Bitmovin - Elevated API Error Rate on Muxing creation – Incident details

Elevated API Error Rate on Muxing creation

Resolved
Major outage
Started about 2 months agoLasted 40 minutes

Affected

Encoding

Major outage from 5:50 AM to 6:30 AM

Encoding API

Major outage from 5:50 AM to 6:30 AM

Updates
  • Postmortem
    Postmortem

    Incident Post-Mortem – Encoding Cleanup Gap-Lock

    Date: 2025-10-16
    Duration: 07:49–08:30 UTC (41 minutes)
    Customer Impact: Calls to the https://api.bitmovin.com/v1/encoding/encodings/{encoding_id}/muxings/ endpoints failed, leading to workflow stoppages.
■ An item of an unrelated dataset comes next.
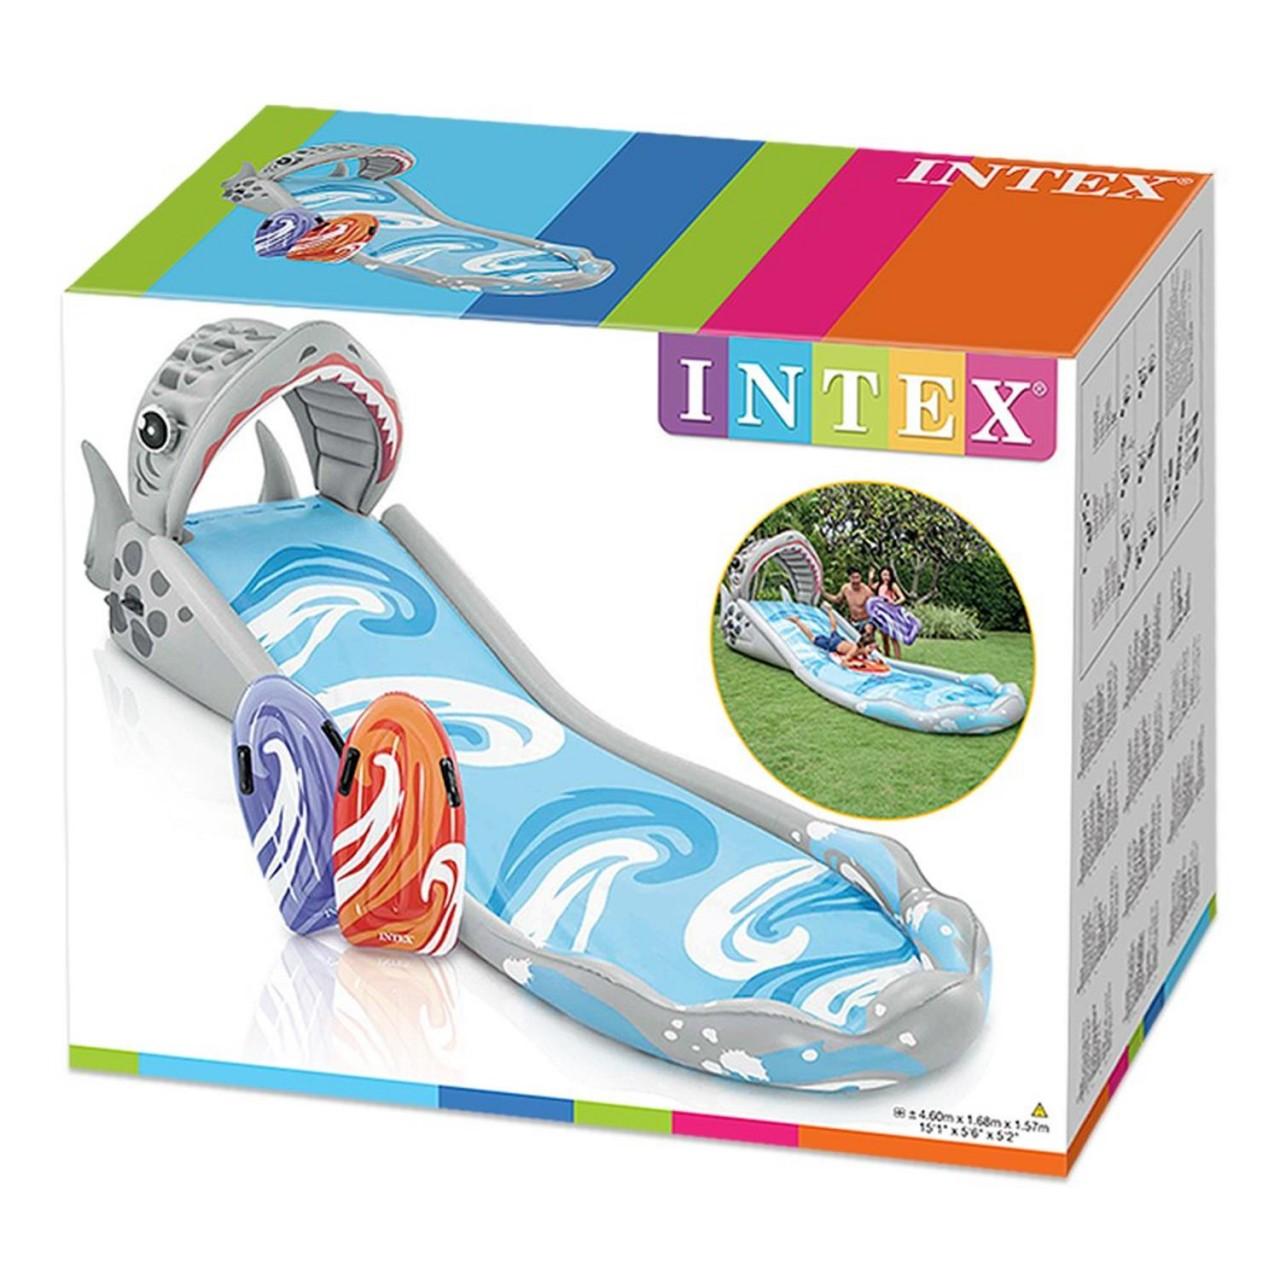 Intex Wasserrutsche Playcenter Surf'n Slide Schwimmbecken 2 Surf-Matratzen 57159
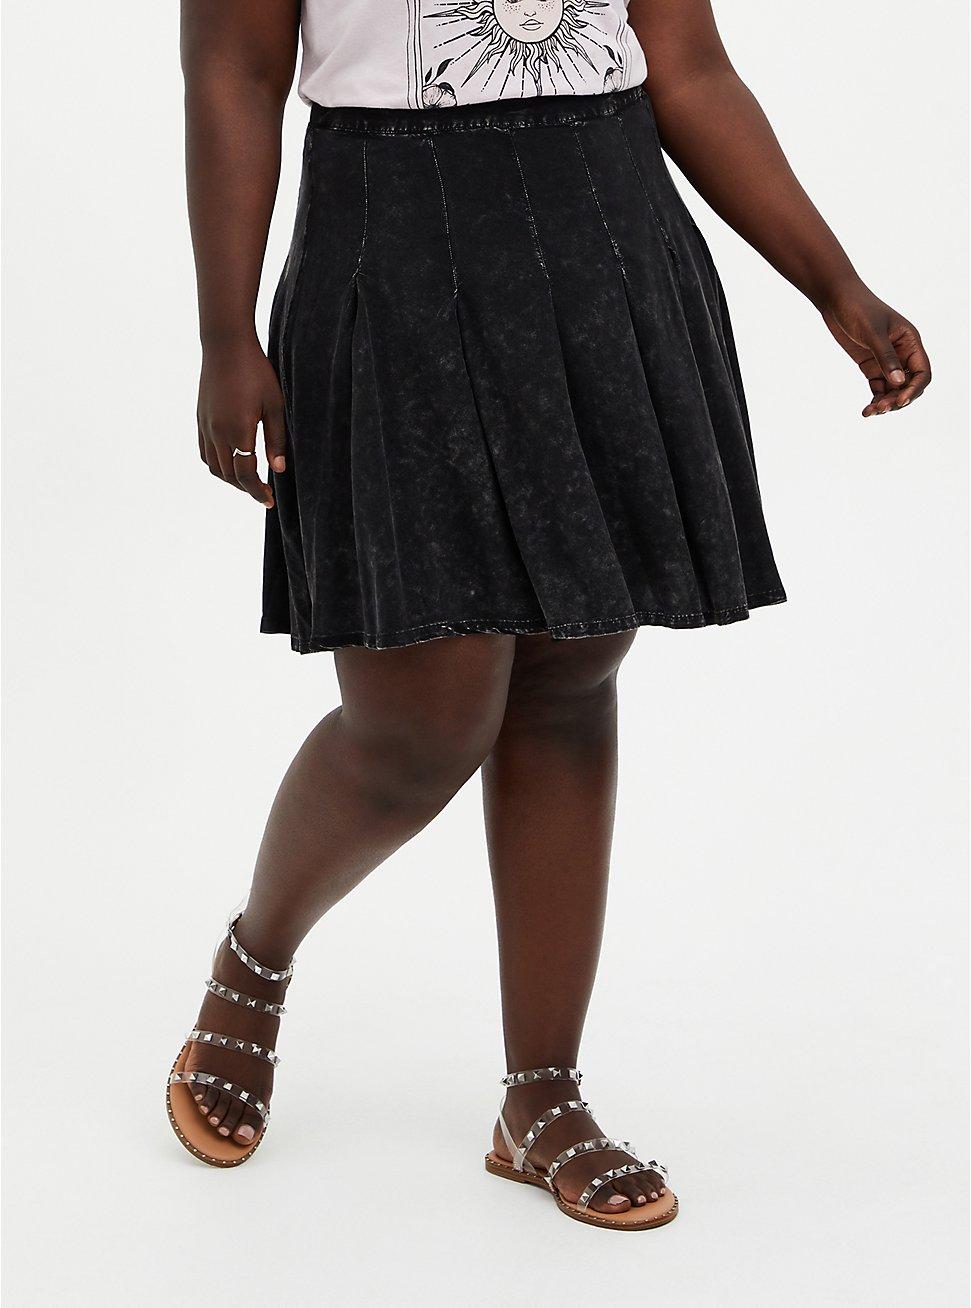 Black Wash Challis Skater Skirt, DEEP BLACK, hi-res

The failure rate remained below monitoring thresholds, so the issue was not immediately detected.

    Summary

    At 07:49 UTC, our encoding cleanup process (responsible for deleting old encodings outside of retention) triggered a gap-lock on one of our database tables. While the long-running delete transaction was active, the API was unable to insert new records into the table.

    This directly impacted the muxings endpoints, which failed during this period and caused encoding workflows to stop. Because the error rate was below our monitoring alert thresholds, the incident went unnoticed until the team was alerted at 08:20 UTC.

    Root Cause

    The issue was caused by outdated MySQL table statistics, which led the MySQL query optimizer to select an inefficient execution plan:

    • Instead of using an index scan on the large table, the query optimizer chose a full table scan.

    • Under REPEATABLE_READ isolation, this resulted in gap-locks across wide portions of the table.

    • In practice, this behaved like a table-level lock, blocking all inserts until the cleanup query was stopped.

    Timeline

    • 07:49 UTC – Encoding cleanup process starts. Optimizer chooses full table scan → gap-locks prevent inserts.

    • 07:49–08:20 UTC – Calls to /encoding/encodings/{encoding_id}/muxings/ fail, workflows stop. Monitoring does not alert as errors are below configured threshold.

    • 08:20 UTC – Engineering team is alerted.

    • 08:20–08:30 UTC – Cleanup process identified as root cause. Process is stopped, lock released.

    • 08:30 UTC – Incident resolved, API resumes normal operation.

    Immediate Actions

    After resolving the incident, we immediately stopped the cleanup process and investigated why it suddenly caused issues despite having run successfully for years.

    Since then, we have:

    • Tightened timeouts for deletion commands in the cleanup process.

    • Changed to a more forgiving isolation level to prevent broad blocking locks.

    • Adjusted the cleanup process to use smaller batch sizes and higher concurrency, which reduced database impact and increased throughput.

    • Added significantly more monitoring to the cleanup process to better track query performance and catch anomalies early.

    Next Steps

    • Update MySQL statistics so the query optimizer selects the correct execution plan.

      • Expected completion: by end of this week (2025-10-24)

    • Rework alerting strategy to detect low-rate but workflow-blocking errors earlier.

      • Expected completion: within 3 weeks (by 2025-11-06)

  • Resolved
    Resolved

    We experienced elevated API error rates on the encoding endpoints between 07:50 and 08:30 UTC. The issue, caused by the encoding service during muxing creation, was identified and promptly resolved. The engineering team is preparing a post-mortem and will share it here once available.

  • Investigating
    Investigating
    We are currently investigating this incident.